Back in 1999, after discussing where we go after we die, a friend of mine suggested that I read Ishmael by Daniel Quinn. In a matter of days I finished. That was pretty good considering that up until that point in my life I could count the number of books I’ve read on one hand. It didn’t take long after that and I devoured everything Quinn had written. From that point on I went from a person with little or no interest in books to someone that would be content reading 4 to 5 hours a day. Quite literally the library could be my second place of residence.
One of the books I ran across on my reading journey was a book about the cordwood building method: The Sauna by Rob Roy. After reading that I knew I had to get out of debt. Since my only debt at that time was a mortgage I had taken out to build my conventional stick frame house, I knew the next step I would have to take would be to sell it. My plan than was to use the equity I had built up to pay for the land and materials for another house building venture. And cordwood seemed like the way to go. Plus, I had spent a lot of time in the woods as a logger, so I knew a little bit about the woods.
A few years later, I managed to sell the house and 20 acres. I then went with my plan of using the equity to pay for the land that I would eventually build the cordwood building on. Luckily, there was 32 acres for sale within a few miles from the house I had just sold.

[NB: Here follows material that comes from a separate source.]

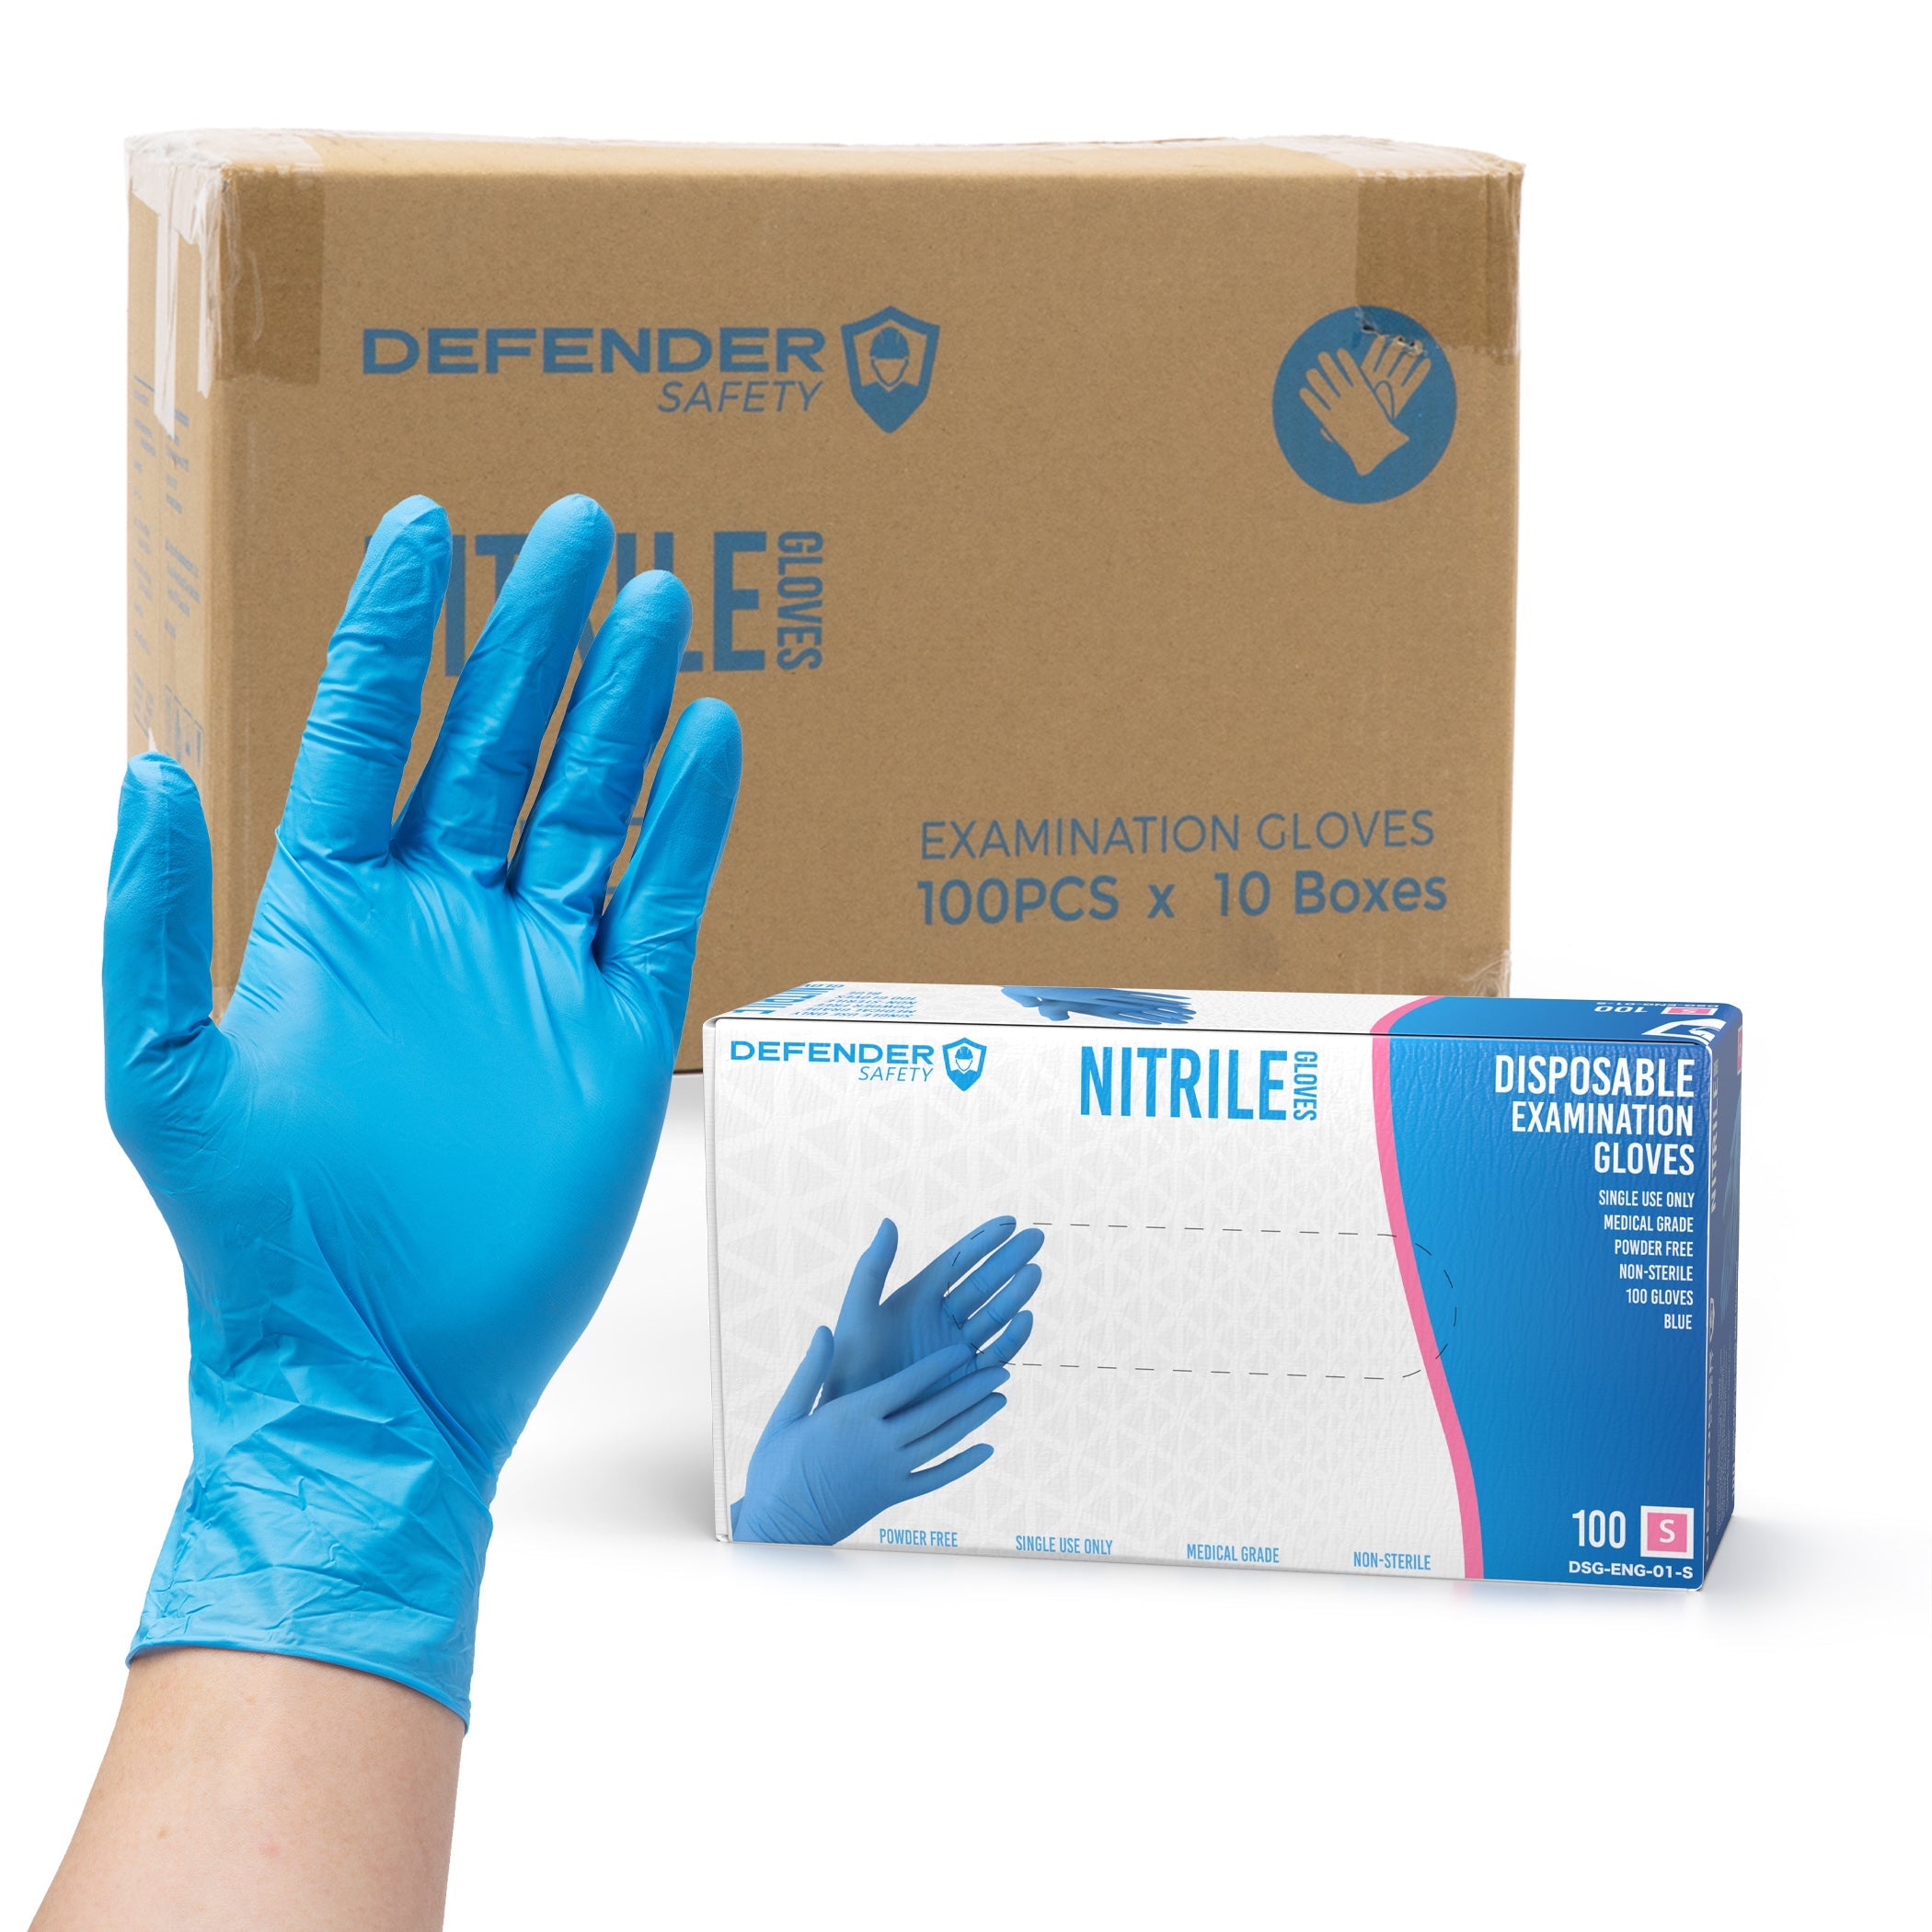 https://defendersafety.com/cdn/shop/products/35-mil-blue-nitrile-gloves-medical-grade-35-mil-powder-free-blue-312054.jpg?v=1690825028&width=2100

It was priced reasonable, so I bought it. Now it was time to experiment with cordwood.
After reading various people’s experiences with the cordwood building method, we (by this time I had met Annie) figured that a practice building would be the way to start out. Again, Rob Roy’s Sauna book was useful. The 10’ x14’8” rectilinear post and beam sauna design he illustrates and writes about seemed do-able.
And, as you can see from the pictures, approximately five years after I opened up The Sauna book, we’ve got a good start on our on-going process of building with cordwood. We plan on starting our 41ft. diameter cordwood round house next spring.
If you’re interested in connecting up with other experienced cordwood builders, I highly recommend checking out Daycreek. Everyone there has been extremely helpful to us during this process. And another invaluable resource regarding cordwood is Rob Roy’s website.